Susan Greig has a different set of problems to solve, as the owner of the Braid Street Studios. Situated in an old distillery, it housed studios for 50 artists from painters and jewelry designers to singers and writers before the pandemic. But with the closure of public spaces and the cancellation of the weddings and events that helped to keep the doors open, Susan is struggling to keep art alive. She tells interviewer Loubert that she is down to 18 artists, as they begin to host online Paint Night Parties and restart their monthly Open House. With plans already in place to move the studio out of the building, scheduled for demolition next year as the entire block is being developed into a school/retail/condo complex, she will need to get creative to keep her cohort of artists together.
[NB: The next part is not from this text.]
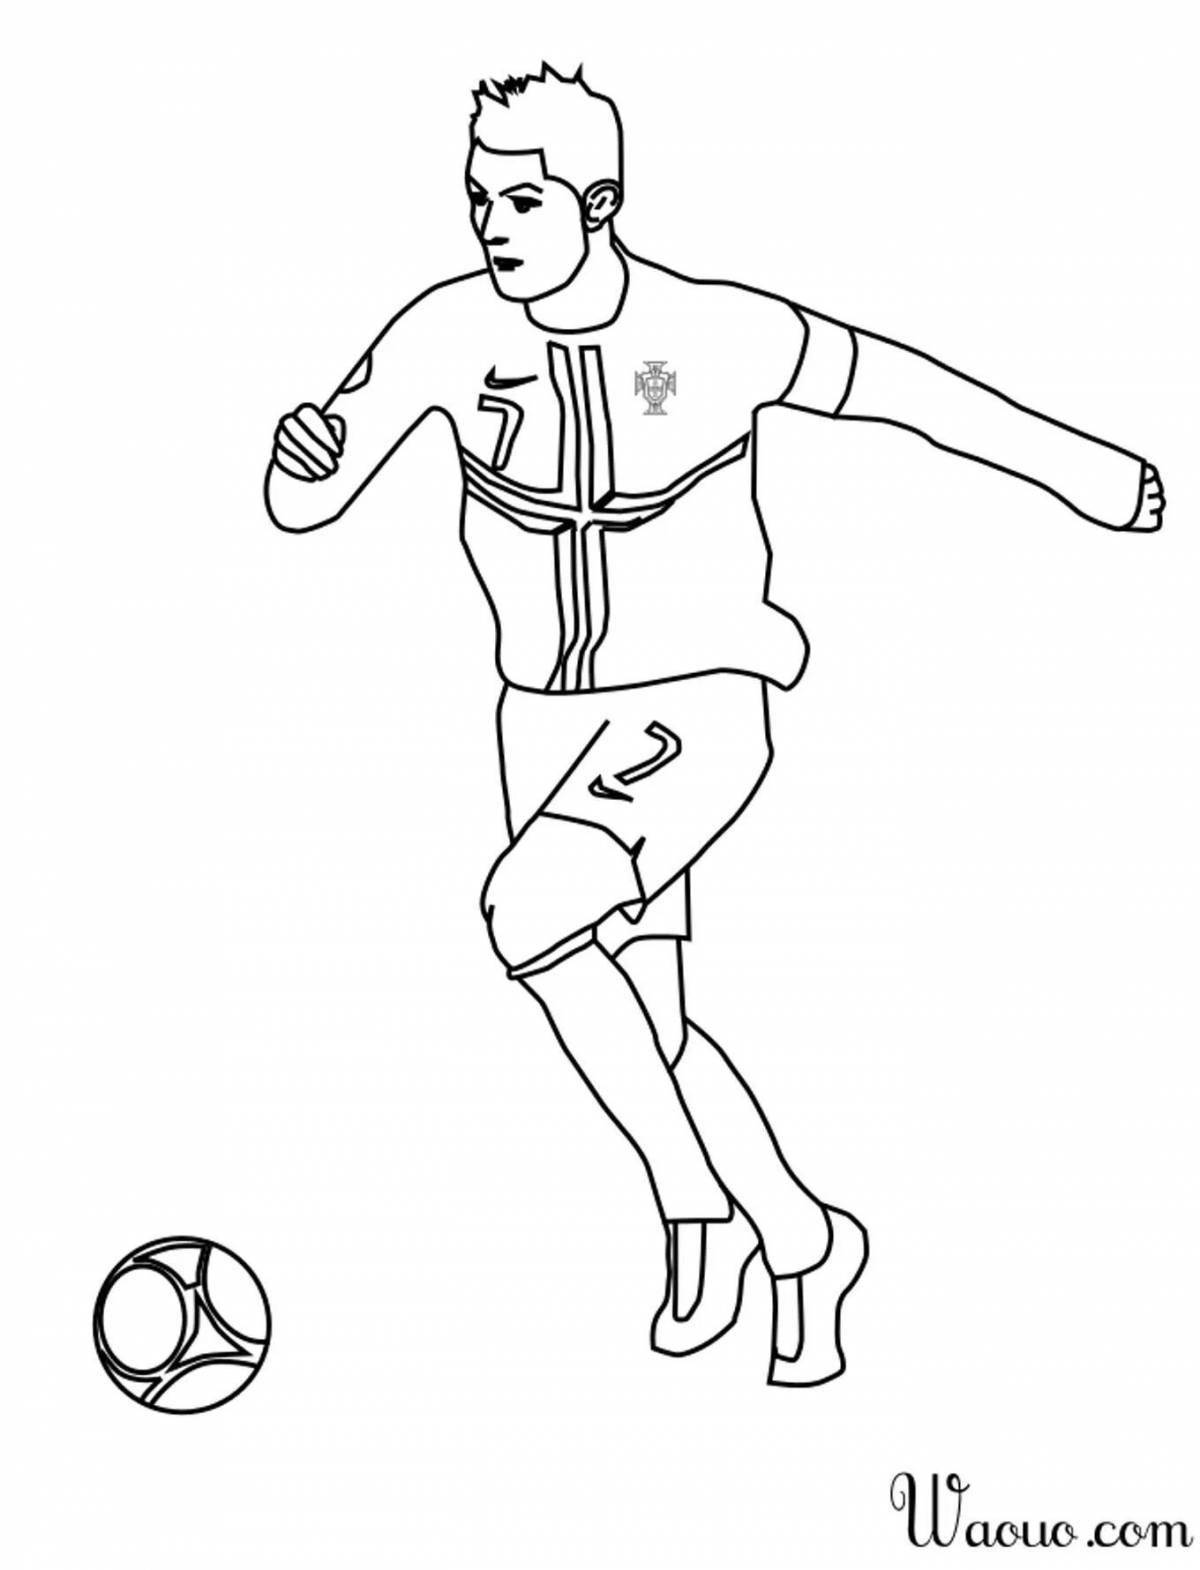 Ronaldo humorous coloring book
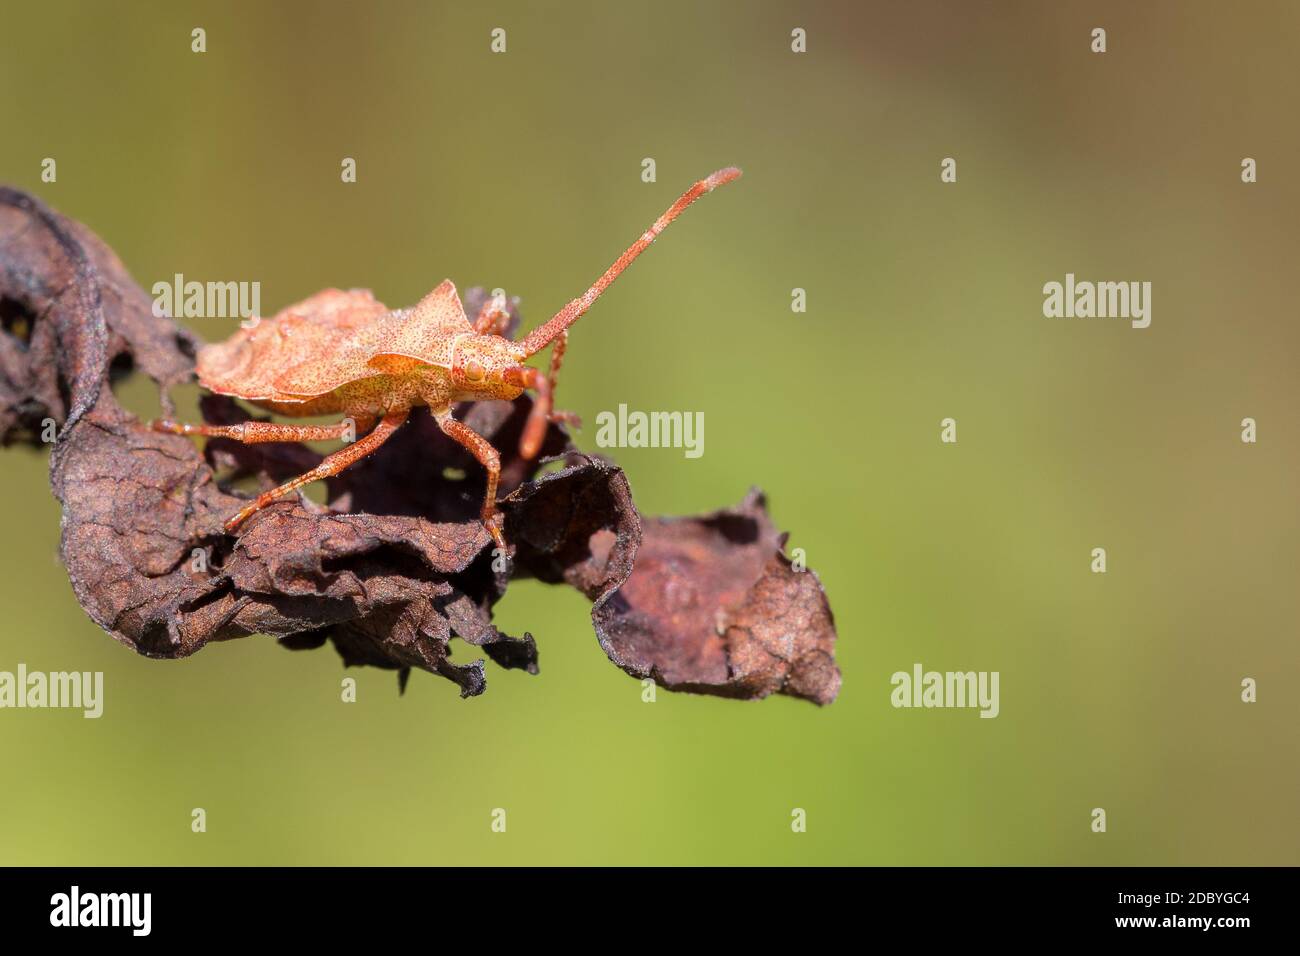 Dettaglio di bug nella foresta, scarabeo Hemiptera Heteroptera (Syromastus rhombeus), Europa, Repubblica Ceca fauna selvatica Foto Stock

Finally – a discussion with C.S. (Fergie) Fergusson, costume designer for theatre and Darren Snesar, bass player for rock band Alice Hardy. As creatives on the forefront of live entertainment, they talked about the fears and obstacles that came up for them as the pandemic became a reality. From theatres closing to music venues going out of business, the challenges were great. Fergie talks about her own struggles with getting her industry to understand that full closure was the only answer to a pandemic, something she understood from her early days working with emergency crews. Darren talks about the luck of having a barn for rehearsal space and the frustrations of writing an album through digital communication. But even going digital has its challenges, and both artists talk about what worked what didn’t and what they think will be the new direction for their industries.
The episode closes with a hope that artists and organizers will find new ways to adapt to this continuing pandemic, as the end still seems a long way off. But creativity is always hopeful, and so is our narrator that in the end we will all find our ways through this pandemic and rekindle our joy in life.